3. The method of claim 2 comprising saving actual failures in a log of known failures.

4. The method of claim 2 comprising saving apparent failures which are not actual failures into a gold log.

5. A program product tangibly embodying computer readable program code executable by a digital processing apparatus to control a computer to perform a method for regression analysis of computer code, said method comprising

a) providing a regression test of a pre-change body of computer code, said regression test having known failures;

b) regression testing the body of computer code after changes have been entered and detecting failures including new failures and known failures; and

c) filtering new failures against known failures.

6. The program product of claim 5, wherein said method comprises:

a) providing a regression test of a pre-change body of computer code, said regression test comprising a gold log having known apparent failures;

b) regression testing the body of computer code after changes have been entered and detecting failures as a current log having new failures and known failures;

c) filtering new failures against known apparent failures:

d) analyzing the new failures to determine which are actual failures and which are apparent failures.

7. The program product of claim 6 wherein said method comprises saving actual failures in a log of known failures.

8. The program product of claim 6 wherein said method comprises saving apparent failures which are not actual failures into a gold log.

9. A computer system adapted for editing and analyzing computer program code by a method comprising:

a) providing a regression test of a pre-change body of computer code, said regression test having known failures;

b) regression testing the body of computer code after changes have been entered and detecting failures including new failures and known failures; and

c) filtering new failures against known failures.

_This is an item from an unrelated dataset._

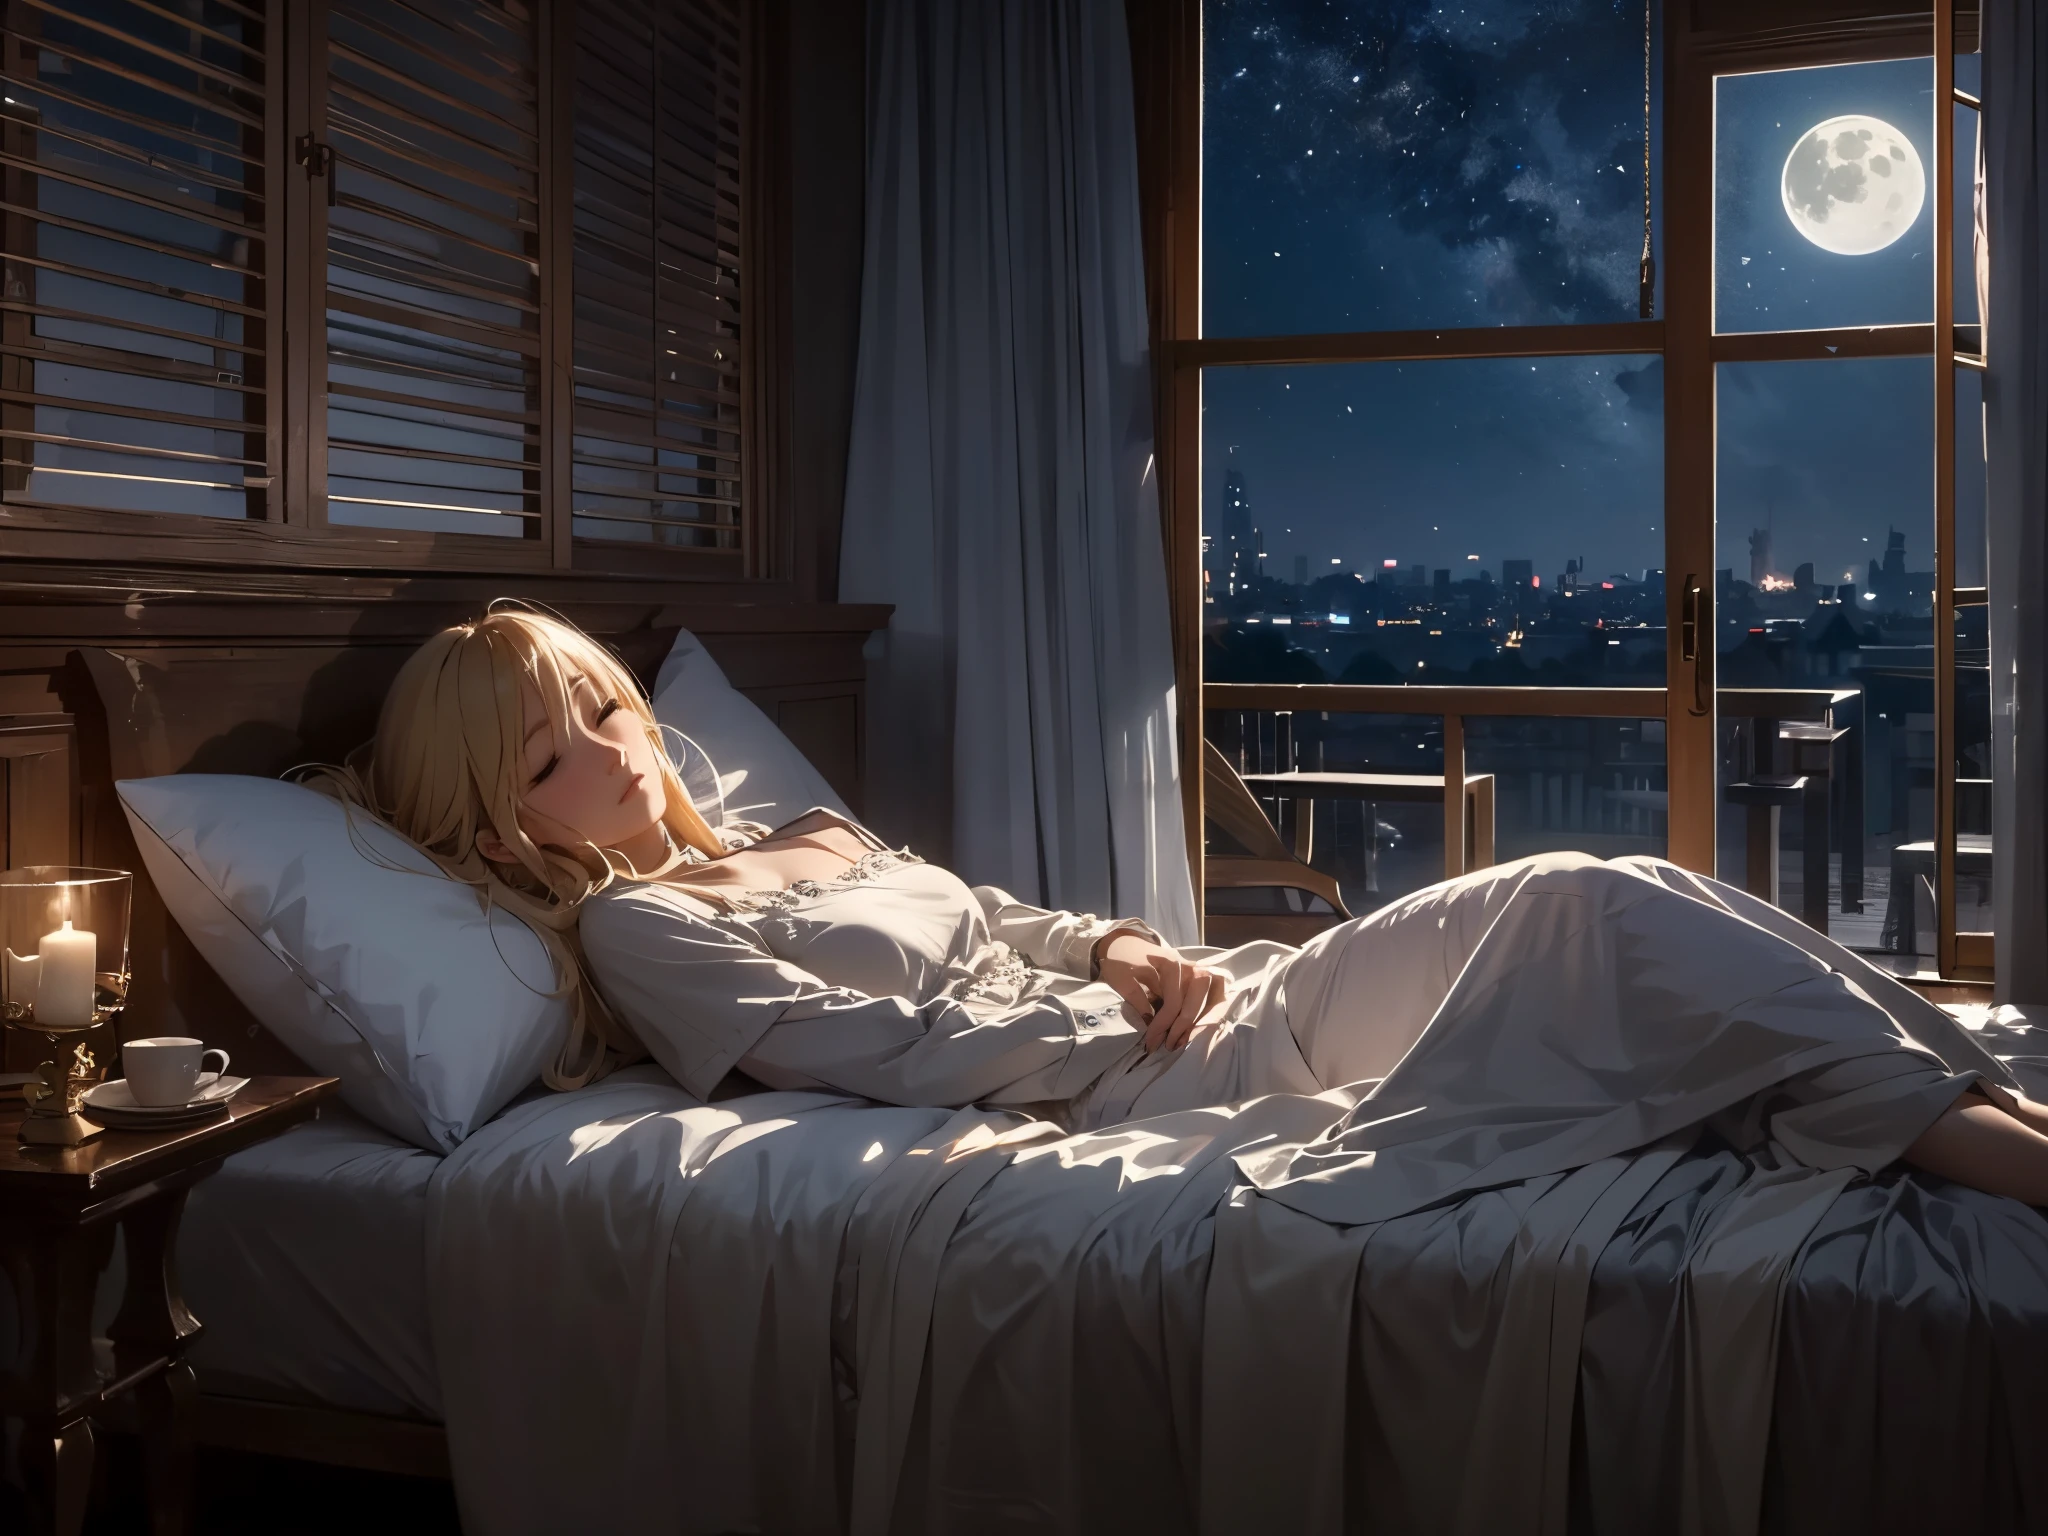 (​masterpiece),(top-quality:1.2),1girl in,(masuter piece:1.3),exquisitedetails, Highest quality 8K resolution, Ultra-detailed, Realistic, (Melody Mark:1.2),Vibrant colors, Soft tones, With warm and gentle lighting,In a serene, Long blonde woman sleeping on bed in bedroom. Her eyes, Quietly closed, The air of silence in the room. Outside, From a nearby window, appearing。 (Night Moon), Painting the world with a gentle glow, Midnight Dawn. Inside, The room is dimly lit, (Dim lighting) aura, Enveloped in the silence of the moonlight. This atmosphere, accompany (Gentle night air), Quietly flowing around, Enveloping a woman wrapped in a cocoon of silence、Rest in peace、An air of silence

10. The computer system of claim 9, wherein said method comprises:

a) providing a regression test of a pre-change body of computer code, said regression test comprising a gold log having known apparent failures;

b) regression testing the body of computer code after changes have been entered and detecting failures as a current log having new failures and known failures;

c) filtering new failures against known apparent failures;

d) analyzing the new failures to determine which are actual failures and which are apparent failures.

11. The computer system of claim 10 wherein said method comprises saving actual failures in a log of known failures.

12. The computer system of claim 10 wherein said method comprises saving apparent failures which are not actual failures into a gold log.